Let’s say fn(x)
is a pure function that does something expensive, like returning a list of the prime factors of x
.
And let’s say we make a memoized version of the same function called memoizedFn(x)
. It always returns the same result for a given input, but it maintains a private cache of previous results to improve performance.
Formally speaking, is memoizedFn(x)
considered pure?
Or is there some other name or qualifying term used to refer to such a function in FP discussions? (i.e. a function with side effects that may affect the computational complexity of subsequent calls but that may not affect the return values.)
6 Answers 6
Yes. The memoized version of a pure function is also a pure function.
All that function purity cares about is the effect that input parameters on the return value of the function (passing the same input should always produce the same output) and any observable side effects (e.g. text to the terminal or UI or network). Computation time and extra memory usages is irrelevant to function purity.
Caches of a pure function is pretty much invisible to the program; a functional programming language is allowed to automatically optimise a pure function to a memoized version of the function if it can determine that it'll be beneficial to do so.

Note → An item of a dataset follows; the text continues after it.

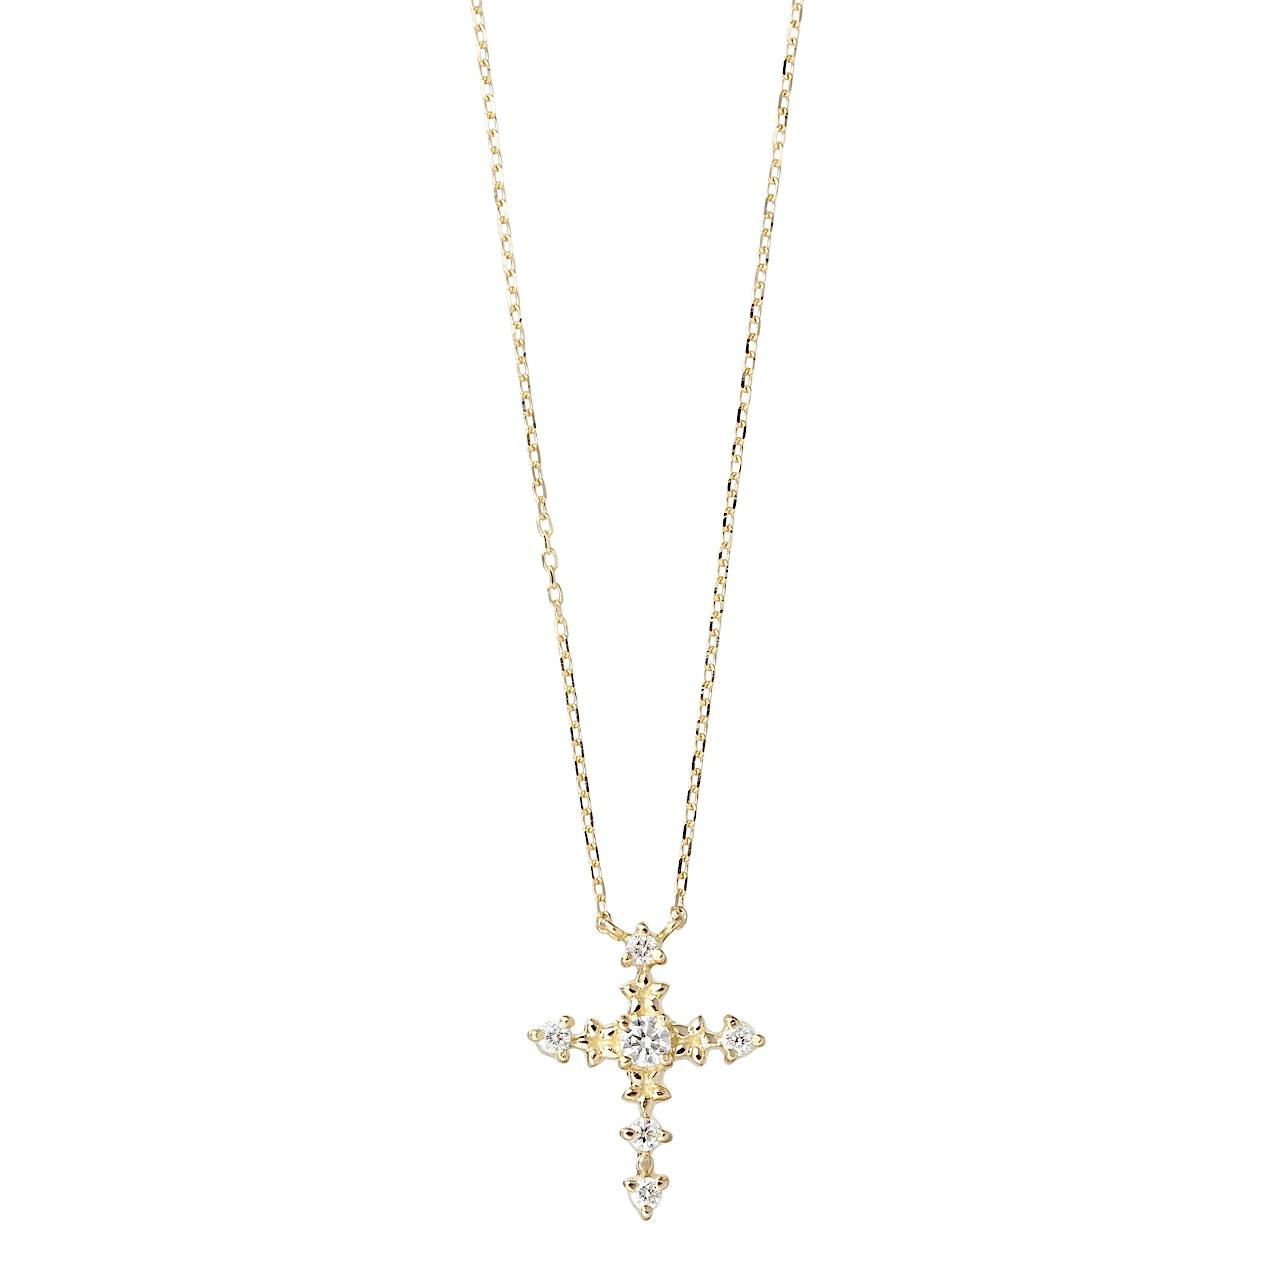 フラワー&ダイヤ ミドル クロス ネックレス

In practice, automatically determining when memoization is beneficial is actually quite a difficult problem, but such optimisation would be valid.
-
Caches are never invisible to a program, that's very naive. You can run out of memory because of it, depending on how badly it is done. From the purity point of view this can mean an exception for example. From practical point of view its simply a disaster. It's a hidden side effect, hard to debug and trace, and very real.freakish– freakish11/06/2024 20:29:02Commented Nov 6, 2024 at 20:29
-
In the theoretical world of function purity, it's common to assume you have infinite memory and time. Caches can have preallocated amount of memory, so you never get an out of memory situation during operation. The vast majority of programs aren't critical enough that it needs to continue working under an OOM; most applications are fine to just terminate, which also rollsback any ongoing transactions, and restart the application. In situations where you do need to work with such critical application, the API need to expose the possibility of OOM and other such situations.Lie Ryan– Lie Ryan12/03/2024 04:53:51Commented Dec 3, 2024 at 4:53
Wikipedia defines a "Pure Function" as a function that has the following properties:
Its return value is the same for the same arguments (no variation with local static variables, non-local variables, mutable reference arguments or input streams from I/O devices).

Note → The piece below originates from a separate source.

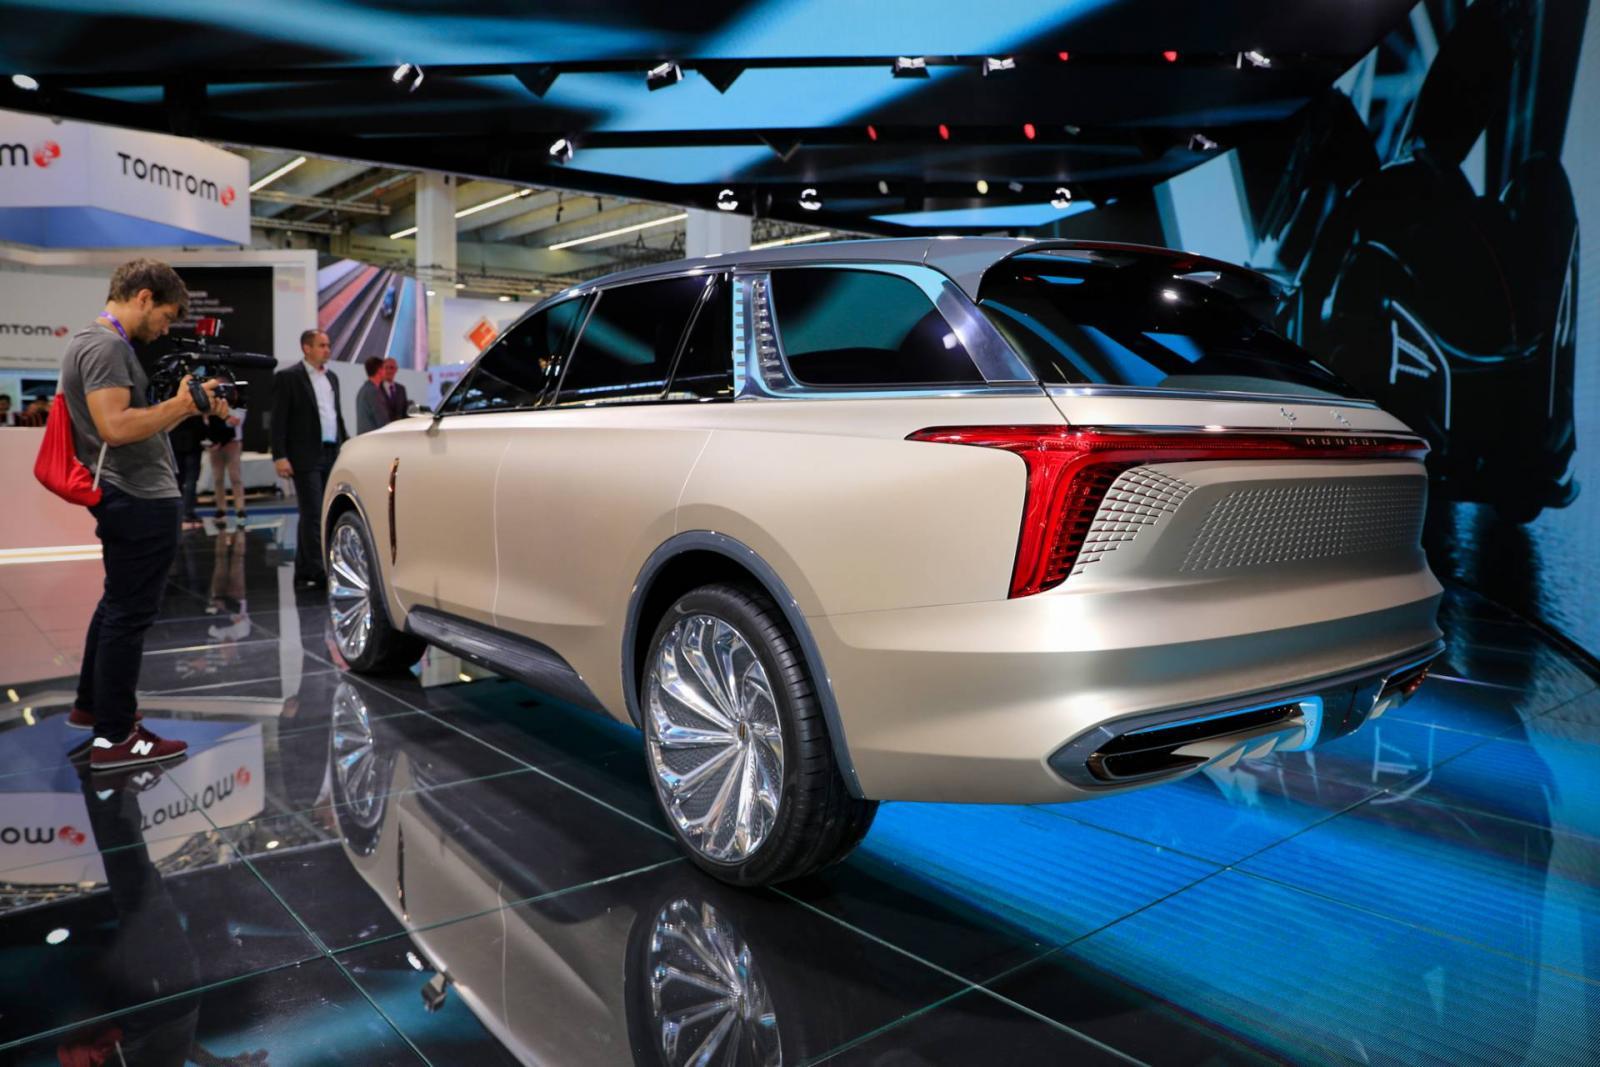 Автопроизводители готовятся к кризису из-за вспышки коронавируса в Китае

Its evaluation has no side effects (no mutation of local static variables, non-local variables, mutable reference arguments or I/O streams).
In effect, a pure function returns the same output given the same input, and doesn't affect anything else outside of the function. For purposes of purity, it doesn't matter how the function computes its return value, so long as it returns the same output given the same input.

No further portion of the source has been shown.